In a lawsuit against the City of Philadelphia filed on behalf of Philadelphia citizen Greg Lang, lawyer Stuart Leon specifically takes on the city’s 2012 ordinance which gives City Council—not engineers—final say over street safety.

In 2012, City Council passed a law requiring an ordinance introduced by the District Councilperson encasing a bike lane that replaces a travel lane be passed before a safe bicycle infrastructure can be built.

The Bicycle Coalition believes traffic engineers should have final say over street safety-related decisions, not City Council members.  Public outreach and input is important, but should not sacrifice safety.

When the bill was passed in 2012—and brought up years earlier—we were against it, and fought against it.

The current law is substantially better than the original legislation brought up in Council, which would have forced a Council ordinance on any and all bicycle infrastructure, whether it eliminated a lane of traffic/parking, or not.

Seeking Council approval for 21st-Century infrastructure promoting bicycling and walking has slowed down Philadelphia’s growth as a cycling city and created a worsening traffic situation, especially in Center City.

This lawsuit notes that Lang was riding a bicycle in late November 2017 on Washington Avenue, encountered construction barriers, forced into vehicular traffic, and then hit from behind by a passing vehicle.

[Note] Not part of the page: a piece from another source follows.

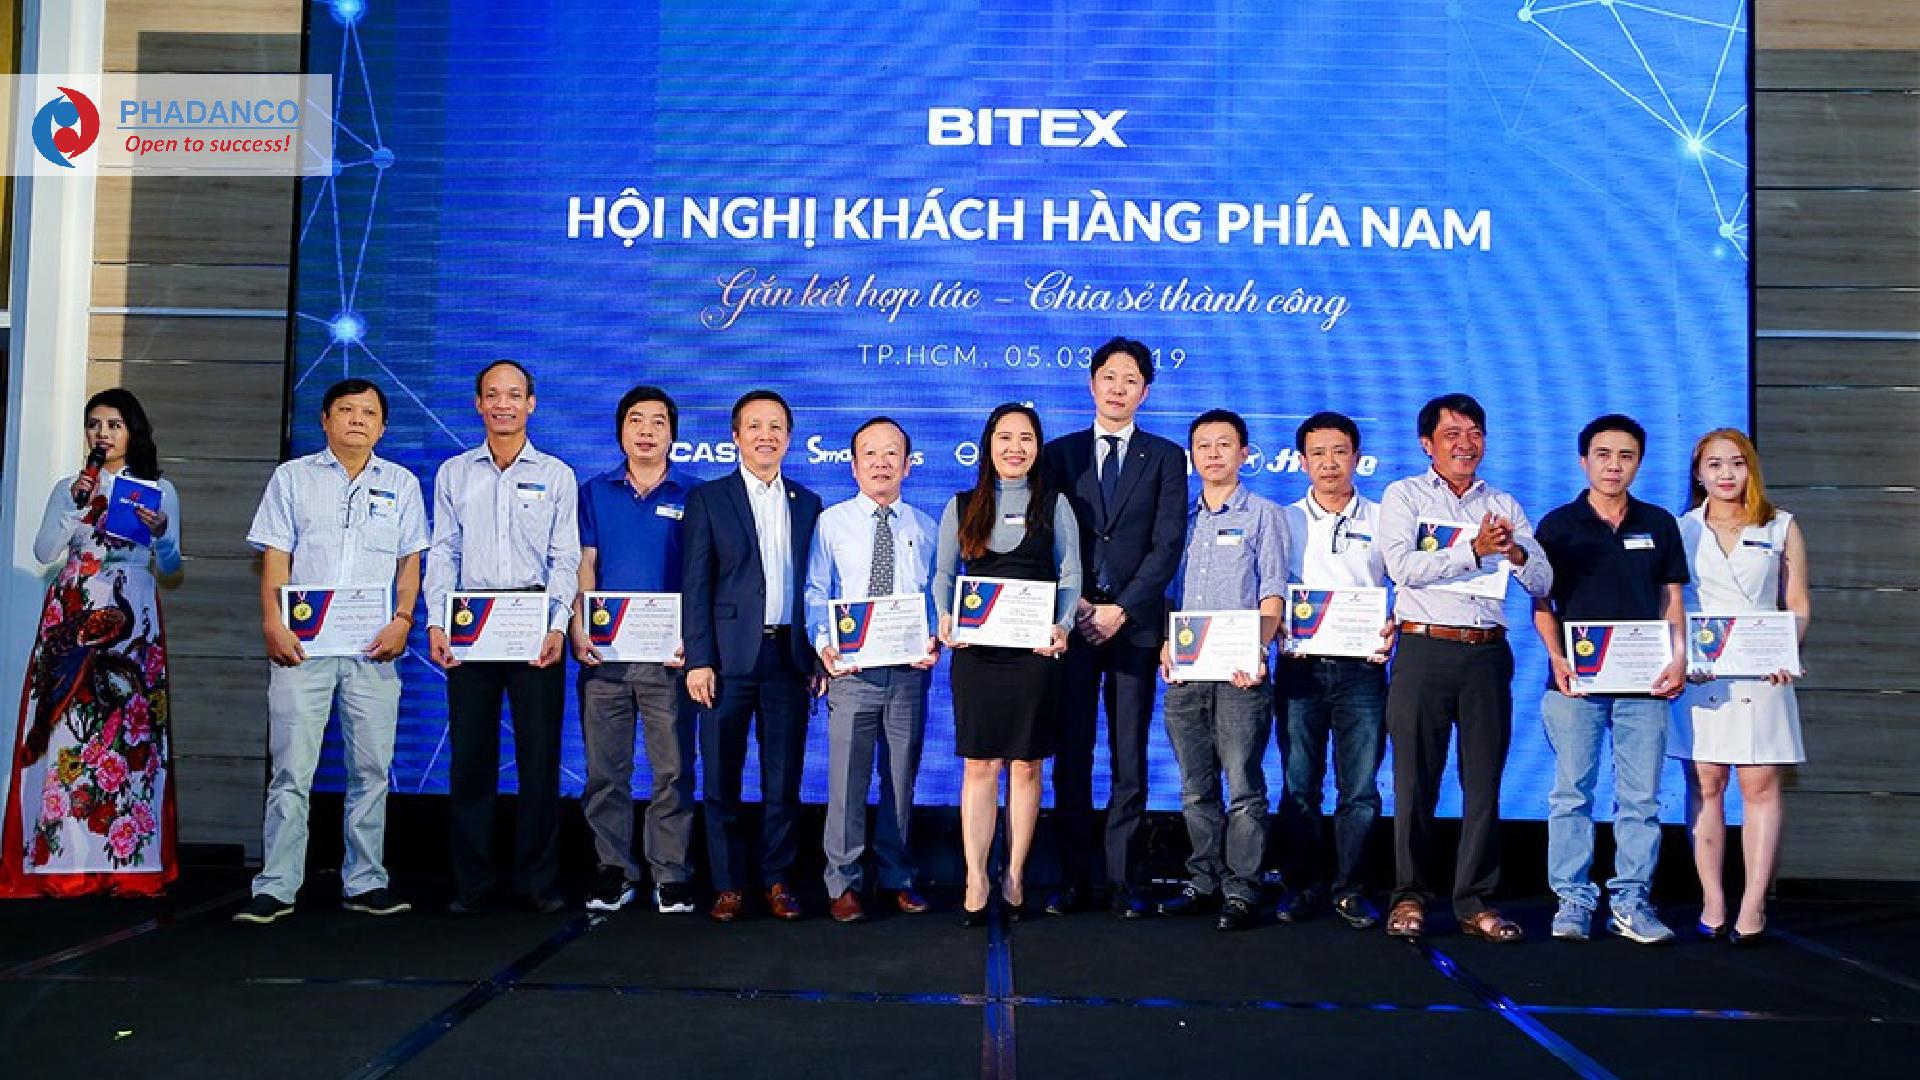 Công ty Truyền Thông Phan Đăng tổ chức hội nghị tri ân khách hàng cho Công ty Bitex

The suit also alleges a safe place for the cyclist would have been available had Council not passed their 2012 legislation:

14. On May 3, 2012, Defendant––through Philadelphia City Council––introduced an ordinance amending Title 12 of the Philadelphia Code to require the designation of bicycle lanes that replace travel lanes to be authorized by ordinances introduced by City Council.

15. In the spring of 2014, a study authorized by the Delaware Valley Regional Planning Commission that proposed a realignment of Washington Avenue’s lanes was produced and presented to City Council.

16. The proposal included the corridor of Washington Lane that was the site of Plaintiff’s crash on November 17, 2017.

17. The proposal included traffic, parking, commercial loading, and safety statistics, as well as feedback from the residents and business owners of the Washington Avenue corridor.

Whether or not this particular suit succeeds, if it spurs Council to revisit this law, it is positive.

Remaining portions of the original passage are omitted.